I don't play computer games all that much, other than those which allow you to vicariously murder your friends in interesting ways over beer and snacks. I do dabble in solo games, but my tastes in that particular hobby generally run to the obscure, arcane, and old. My main areas of interest are interactive fiction (particularly Inform 7) and roguelikes, which is pretty much the fringe of the fringe, I think, when it comes to the gaming industry. Europa Universalis II and the occasional nostalgic blast at Civilization II or III is as close as I get to the computer gaming mainstream.

Very occasionally, though, I hear about a game from somebody or other, get my hands on it, and it takes over my life for a few weeks. I'm in the middle of one of those periods right now: I only got three hours sleep last night because I was up until 4am at my computer desk, and it's all Crusader Kings' fault.

Crusader Kings comes from my favourite game company, a gang of Swedish megalomaniacs known as Paradox Entertainment. In common with all their games, its scope is incredible - real time strategy which models every single day between 1066 and 1453, in which the player takes on the role of a noble family in Europe (literally any noble family - be it William the Conqueror's, the Duke of Gwynedd's, the chief of the Lithuanians', or the Count of tiny Caithness') and tries to guide that family and its descendants to glory.

What I like about it are its role playing aspects. The thousands upon thousands of individuals generated at the start of play are all unique and many of them - the countless courtiers who attend on the noble families - are random each game. All the characters have sets of statistics and defining characteristics like 'tough soldier', 'naive puppetmaster', 'club-footed', 'leper', 'modest' or 'generous'. They have friends, rivals and bitter enemies. They are related to each other - spouses, parents and children, cousins, nieces, nephews, courtiers and lieges. They seem real.
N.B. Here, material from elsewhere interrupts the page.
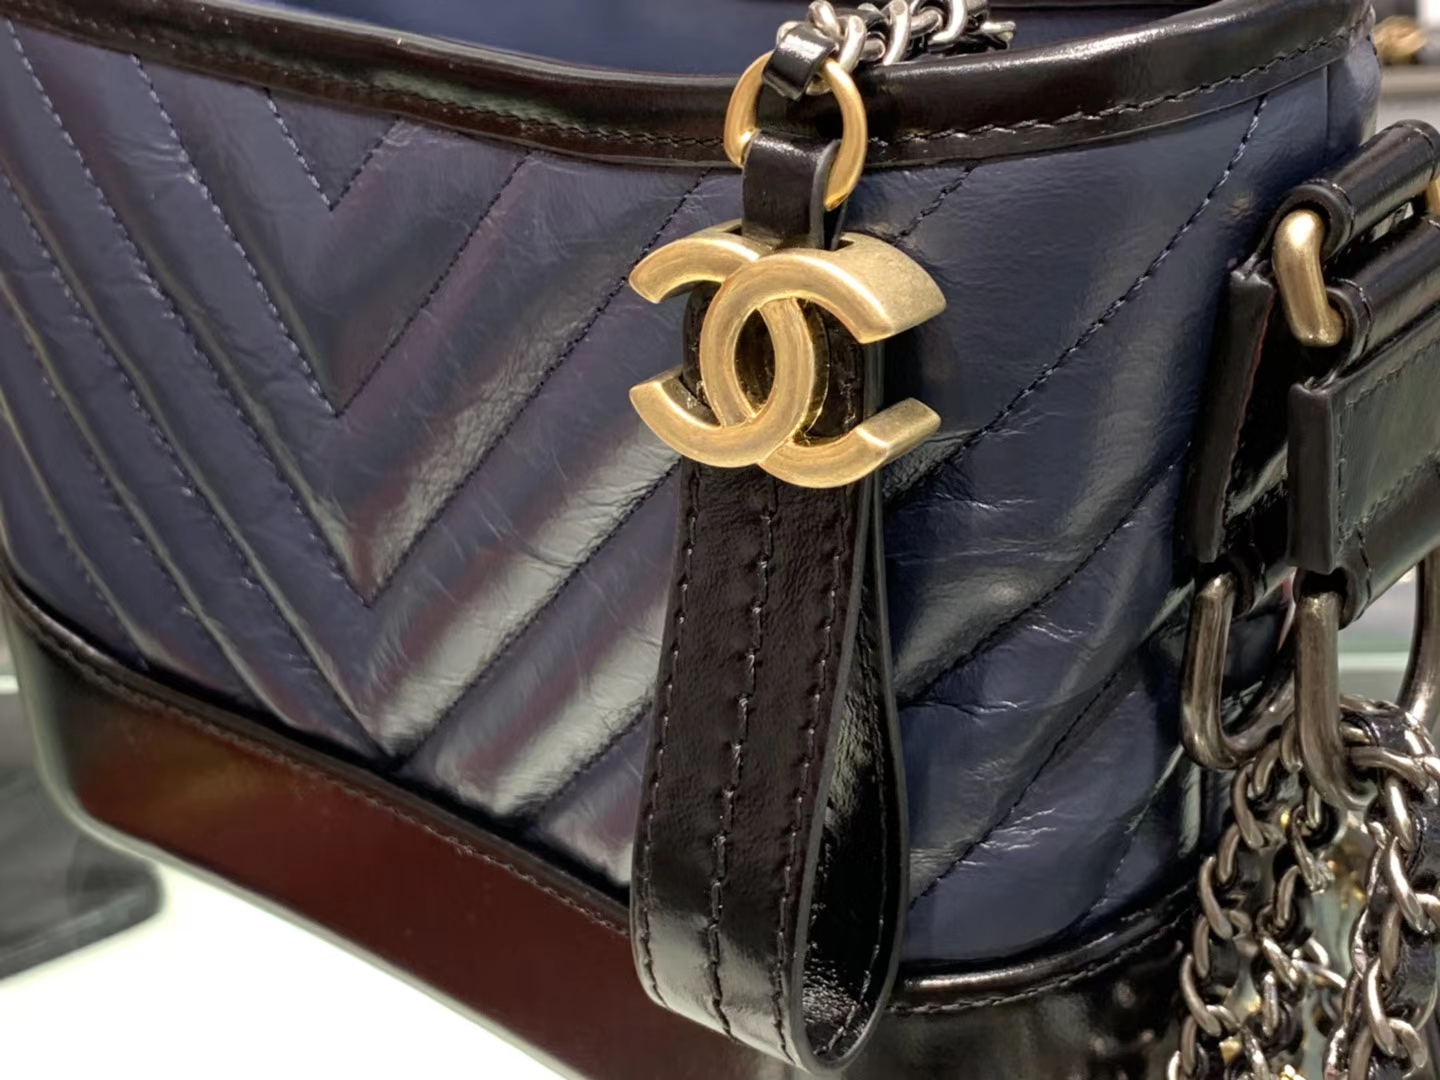 Chanel（香奈儿）𝖌𝖆𝖇𝖗𝖎𝖊𝖑𝖑𝖊 # 流浪包〔黑配蓝V纹〕20cm

Stop me if you've heard this before, because the game really plays and feels like I always thought the D&D campaign setting Birthright should have done. Computer roleplaying games are almost always terrible, in my opinion - linear and repetitive and in actual fact the very antithesis of what an rpg is. But Crusader Kings is the game I've found which has come closest to bucking this trend and which can be termed an actual electronic, solo role playing game - completely non-linear (because of the literally hundreds of options you have when choosing your starting noble, and the lack of scripted events) and without the shackles that, for example, those godawful Final Fantasy games have. (Your character will fall in love with that character. Your character will fight this big bad guy.) To illustrate: in my current game as Bohumund, Count of Chester (who has since died - I'm now continuing as his 14 year old son) I married off my 16 year old son to the 43 year old daughter of the Count of Shrewsbury in order to cement our relationship, and the next month tried to have the old swine assassinated so I could press a claim for inheritance. That failed and I had my ass handed to me (I believe this is the term the kids are using these days) by our mutual liege, the Duke of Norfolk, and his vassals. I've never encountered that sort of freedom in a computer game before.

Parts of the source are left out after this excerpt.